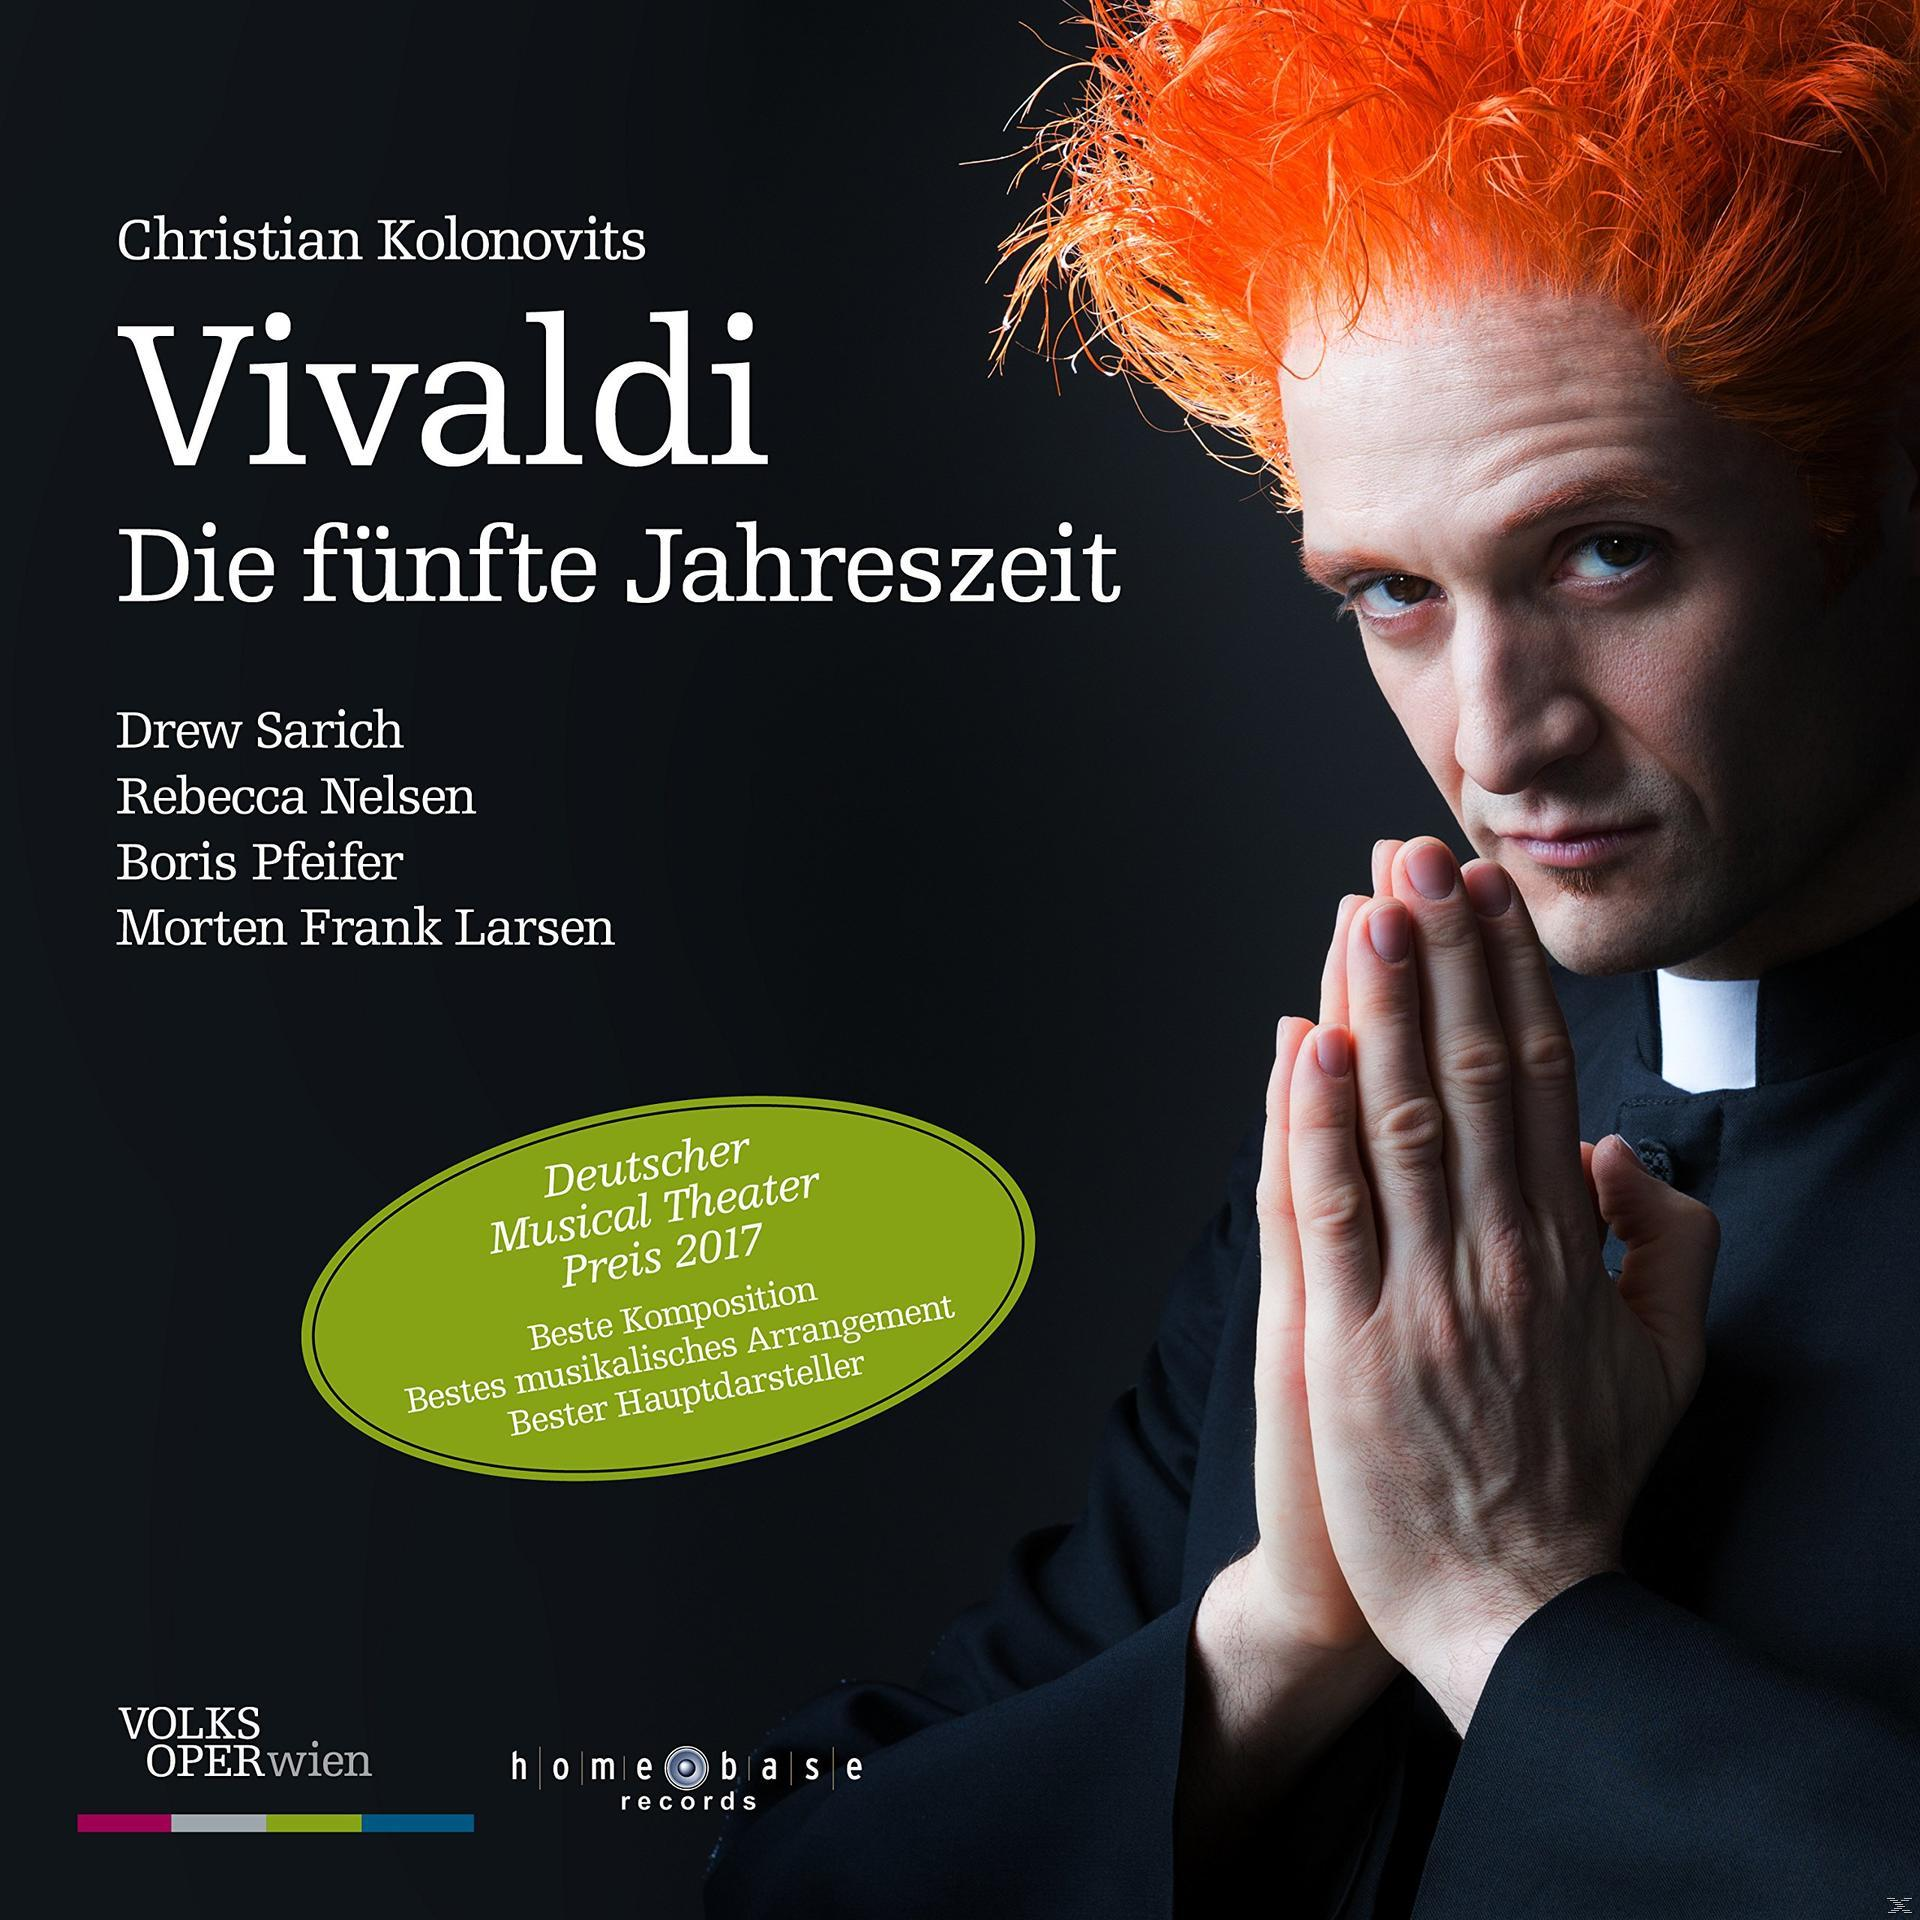 VARIOUS - Vivaldi fünfte (CD) Jahreszeit - Die 
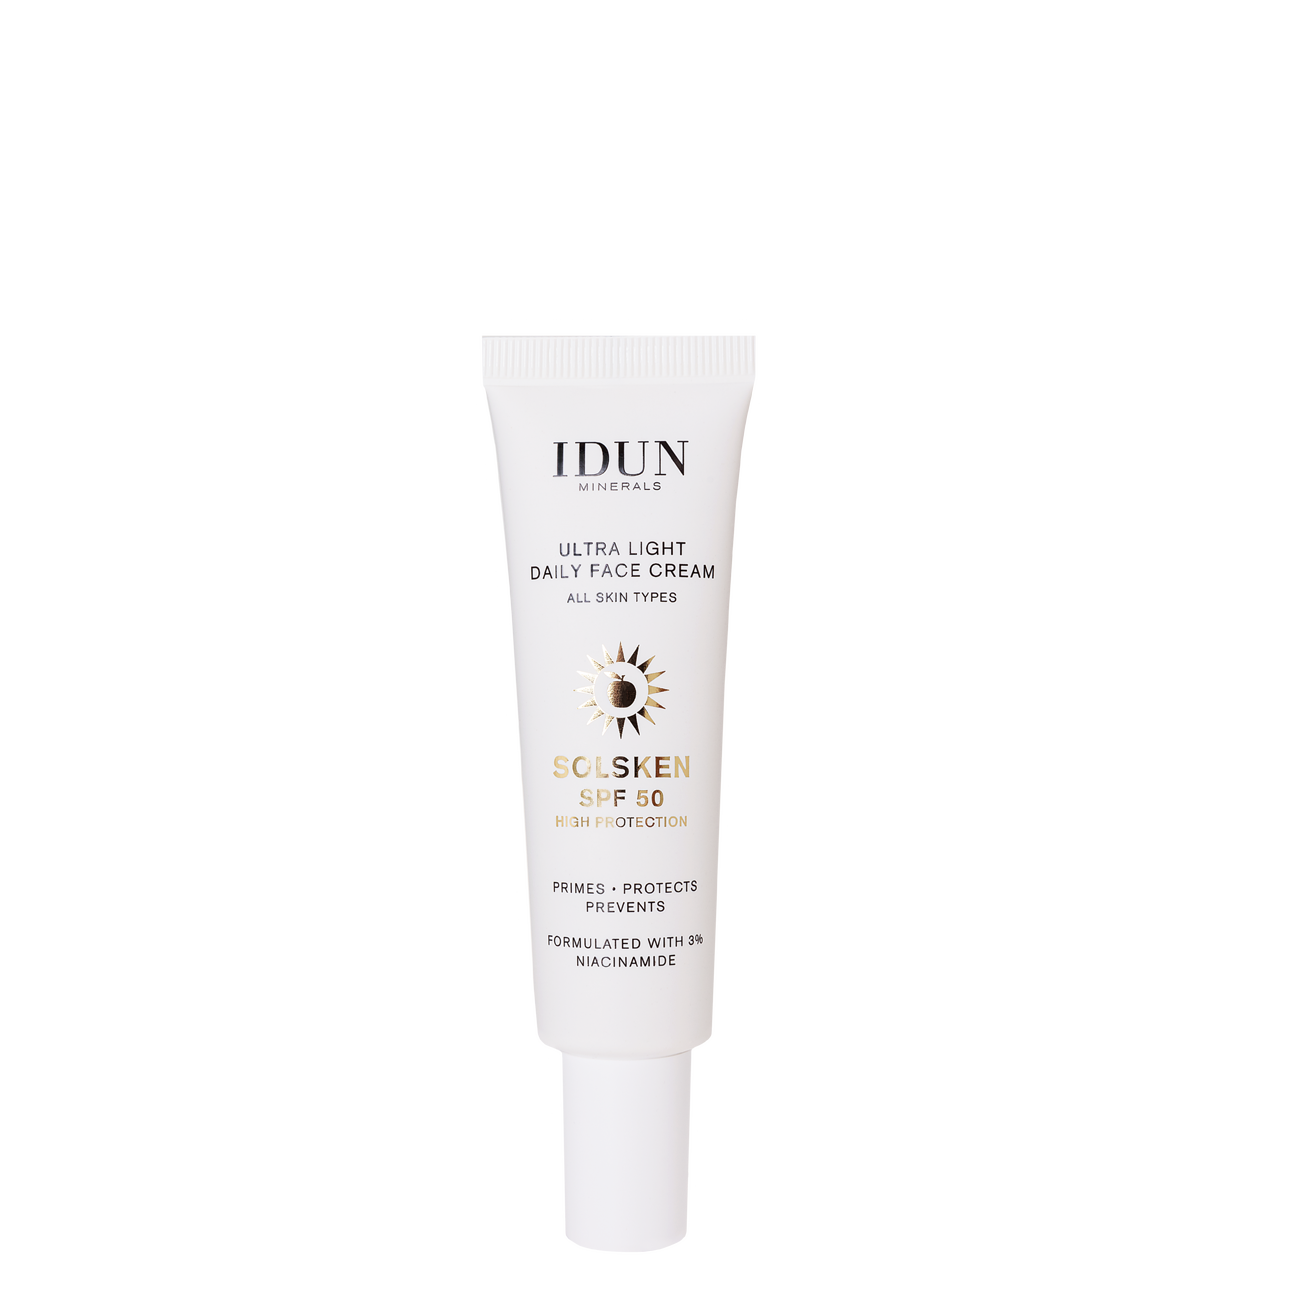 IDUN Minerals Ultra Light Daily Face Cream Solsken SPF50 30 ml
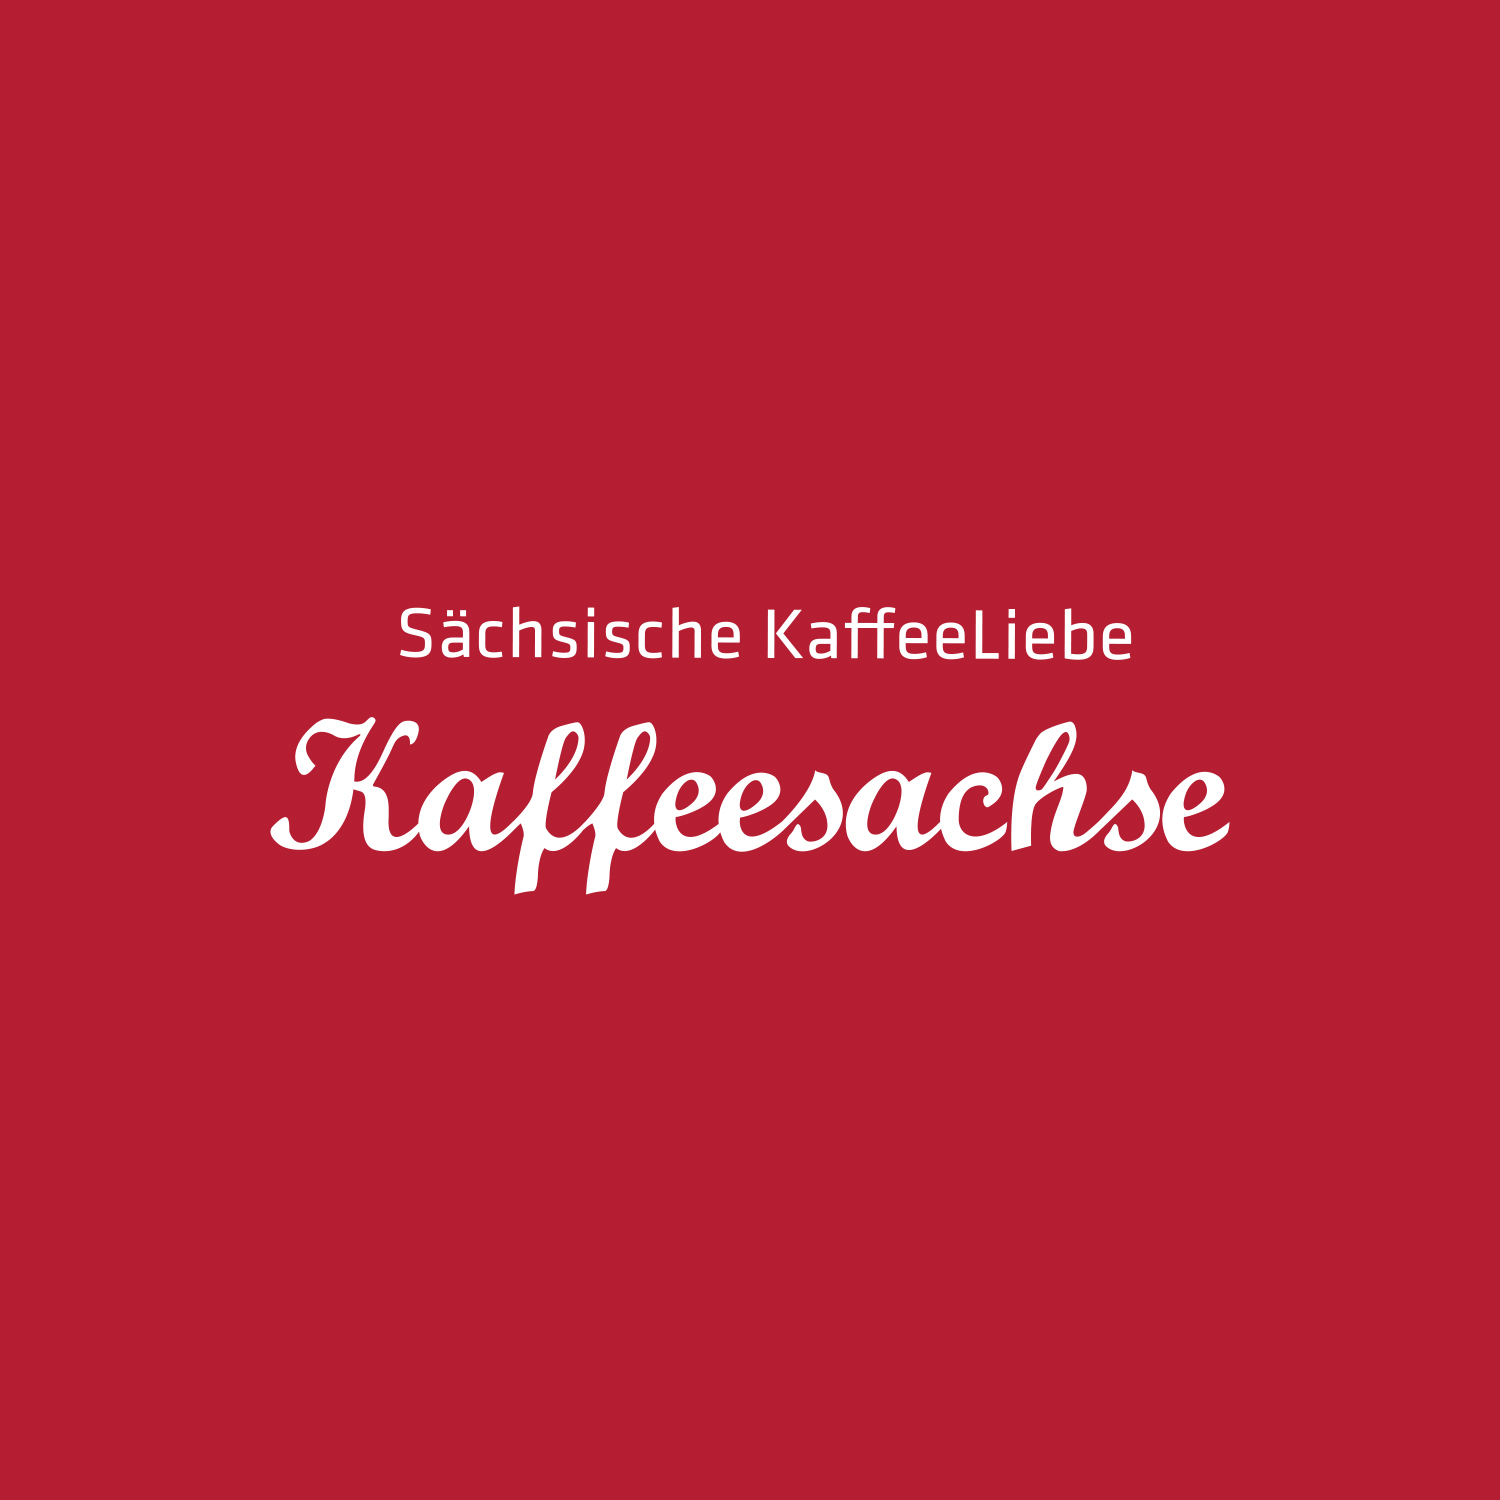 (c) Kaffeesachse.com
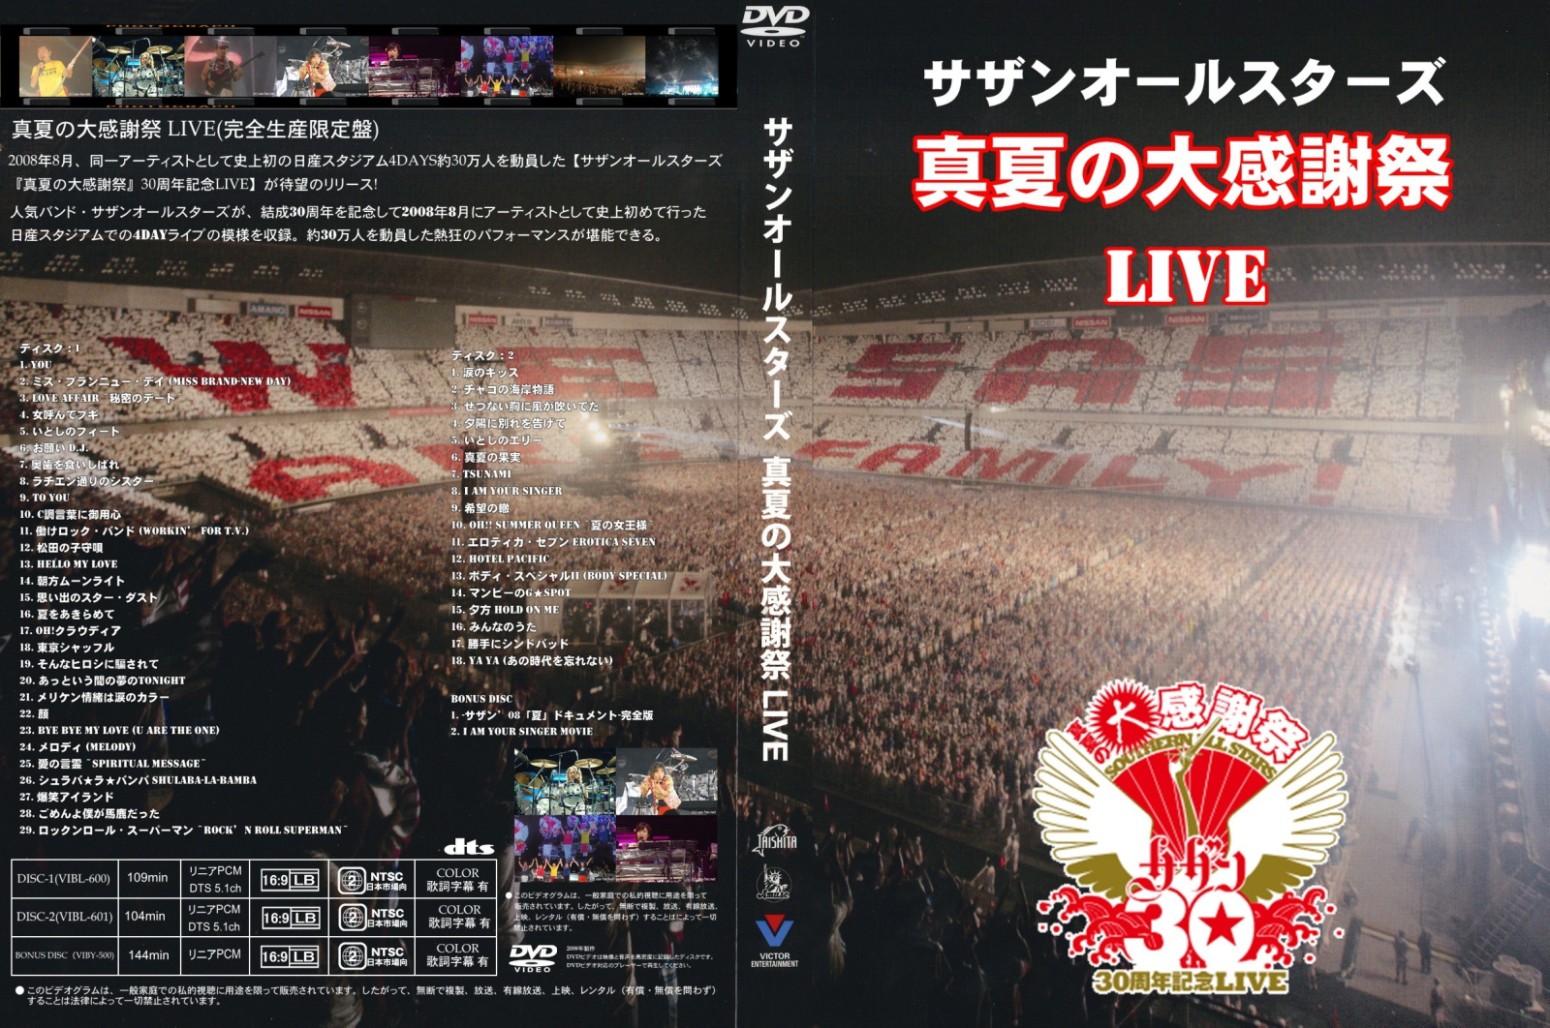 サザンオールスターズ 真夏の大感謝祭LIVE DVD

· · · ·

What the task requires
The lines to be extracted begin at the line containing "(c) Kaffeesachse.com" and continue through the final line of the material above, both ends included. Reproduce them exactly, without the pictures.

Response below
 (c) Kaffeesachse.com
 サザンオールスターズ 真夏の大感謝祭LIVE DVD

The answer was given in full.